With his head, which was now at about handle height, Sam pushed open the nearest half-closed door, behind which he could hear the hum of voices. The door did not really open properly and when he stuck his head fully into the room he saw why: it was completely packed, with people sitting on the bed and on almost every inch of carpet. A fog of cigarette smoke hung at Sam’s eye level, and he shook his head again, involuntarily, and snorted. Over on the bed was Gemma. She was right in the centre of it, cross-legged, and her eyes were wide and black and she was deep in conversation with a boy.

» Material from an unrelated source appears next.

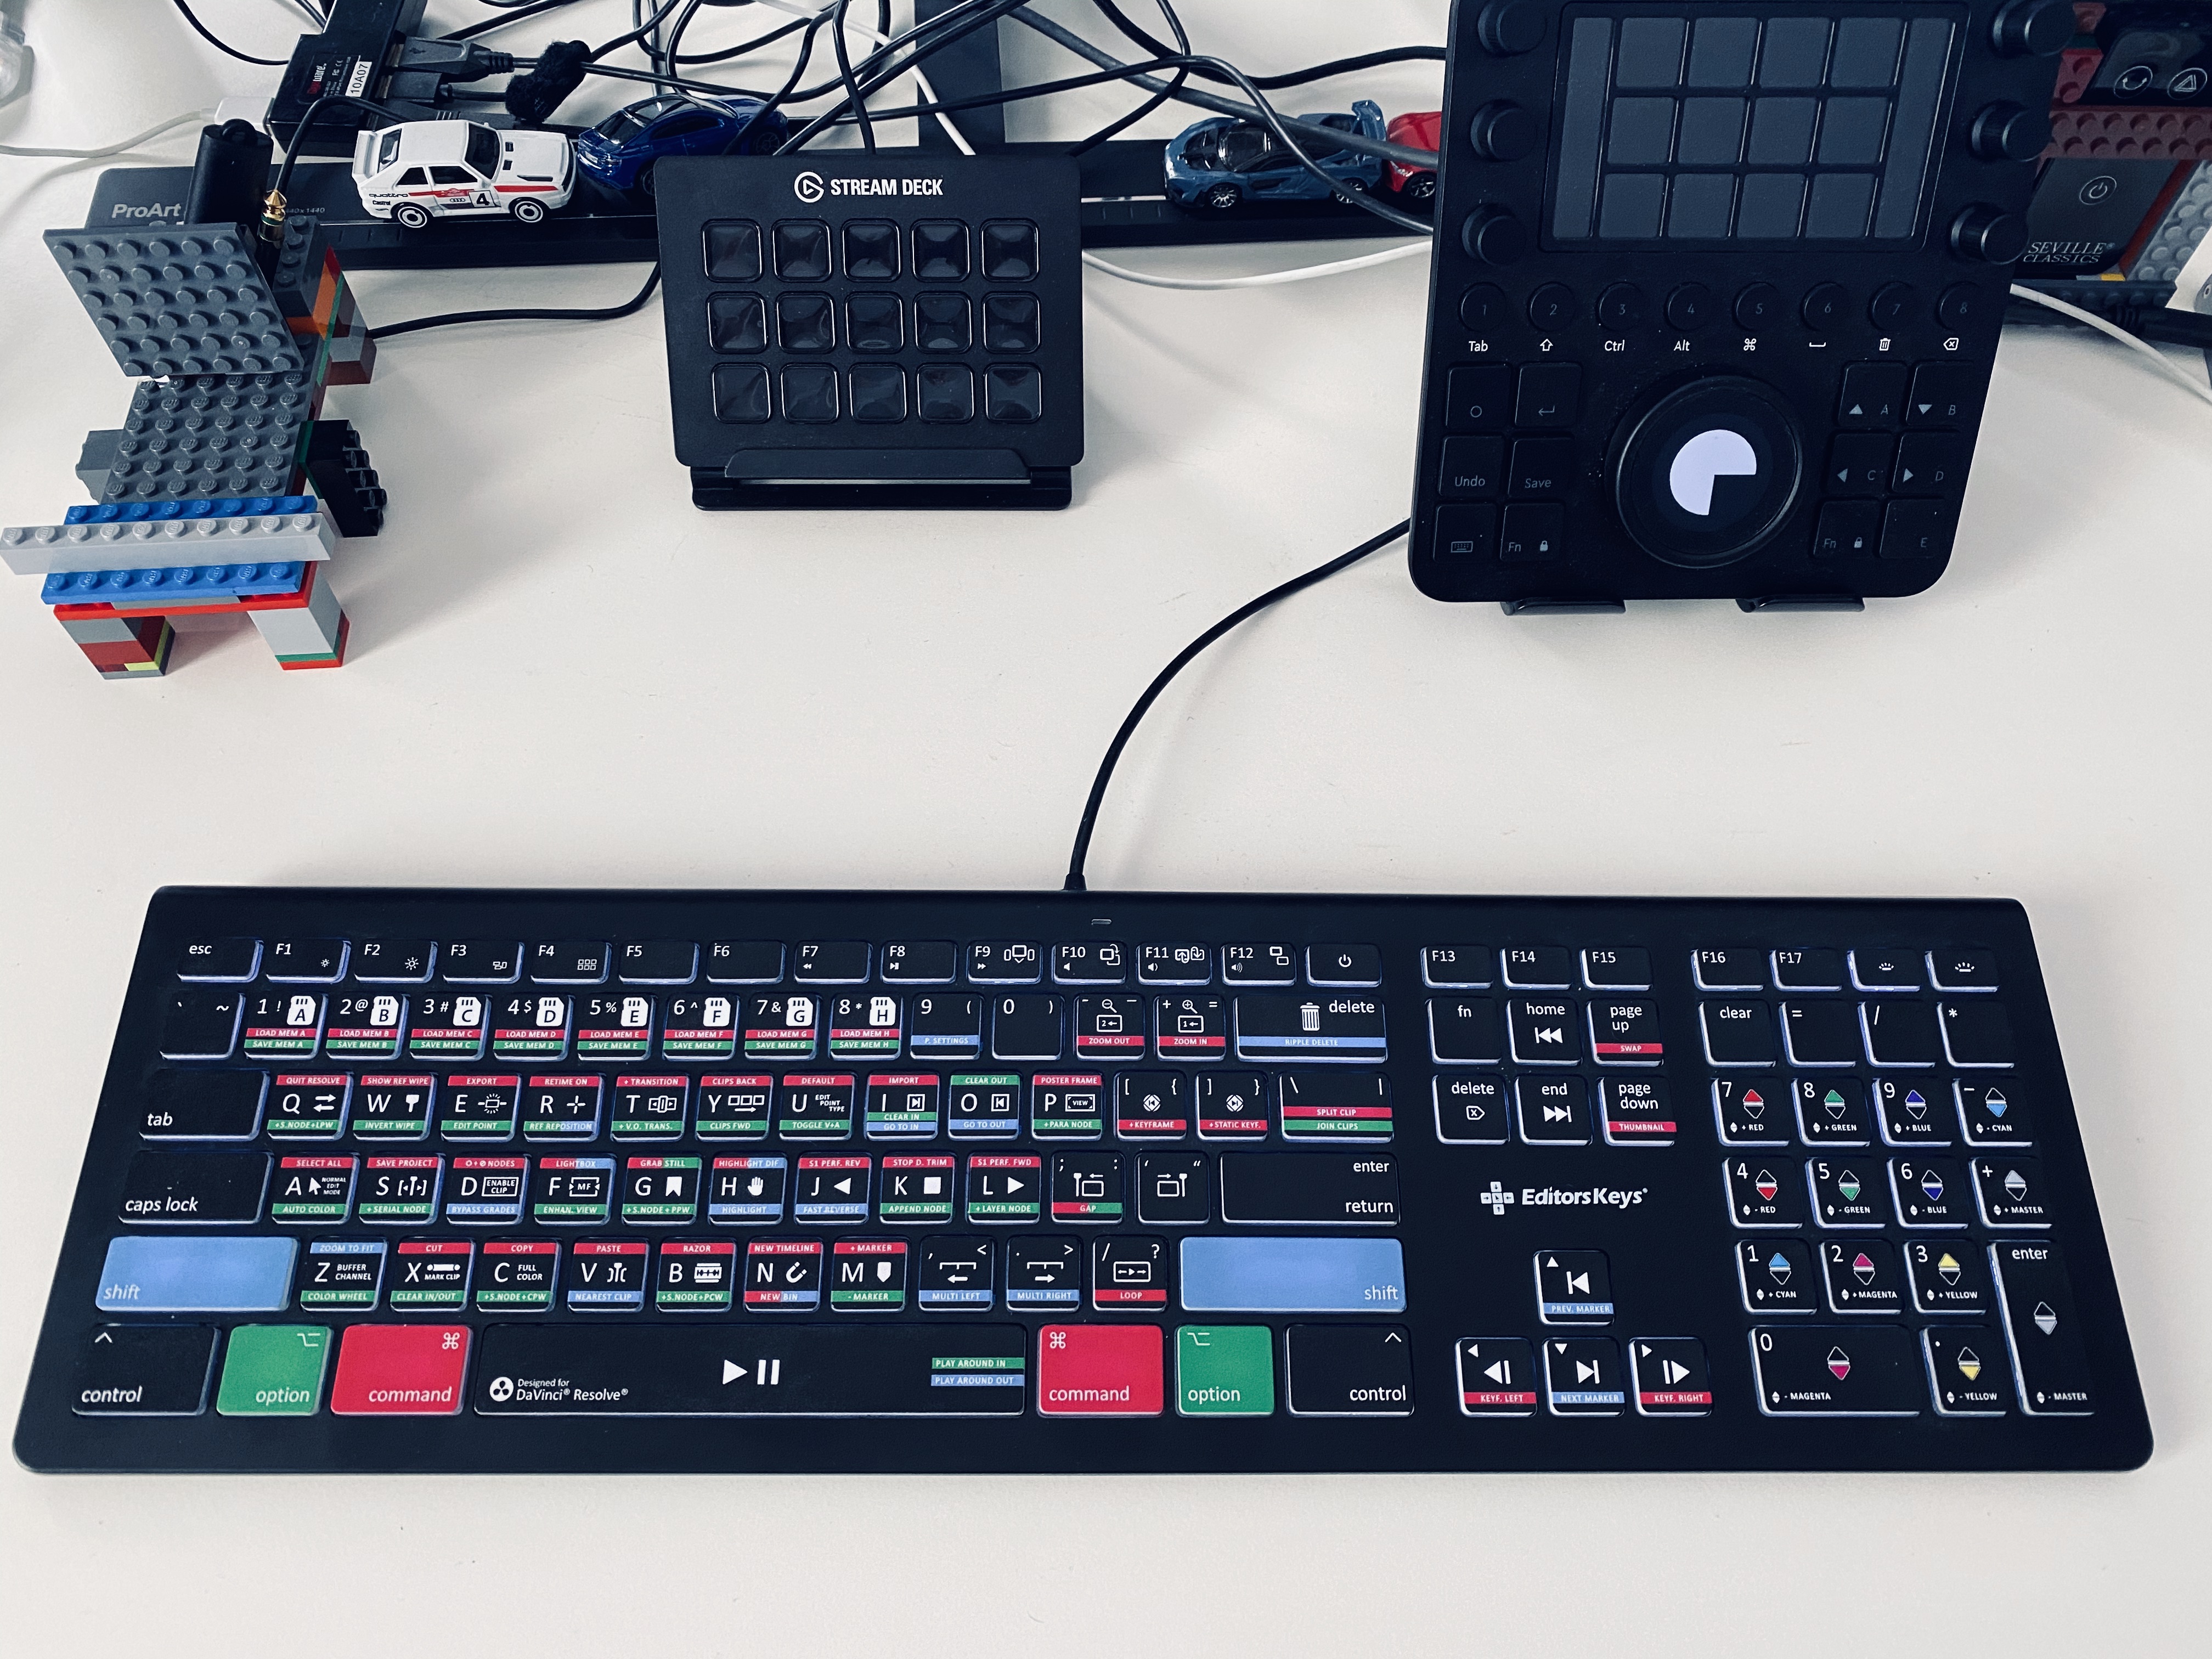 The OTHER DaVinci Resolve keyboard that can be used for editing 10

Sam tried to catch her eye, but she didn’t seem to notice him. No one did. He took a step into the room, forcing his hard, trembling hoof out towards a small square of carpet, there between the thighs of two sitting, cross-legged people. Then he took another step, lumbering and precarious, his other hoof pressing gingerly against a girl’s fingers before she quickly whipped them away.
‘Sorry,’ Sam tried to say, but it came out instead as a low whinny.
He took a third step into the room, then a fourth.
And then he just stood there, marooned, his eyes streaming from the smoke. He looked behind him the doorway, which now seemed kind of impossible to get back to. He looked again at Gemma, her pupils so dilated that her eyes were like cartoon eyes, her hands resting in the lap of the boy she was talking to. Sam tried to identify a gap to sit down in but there were no gaps and anyway, he did not quite know how to sit down anymore, even if he found one.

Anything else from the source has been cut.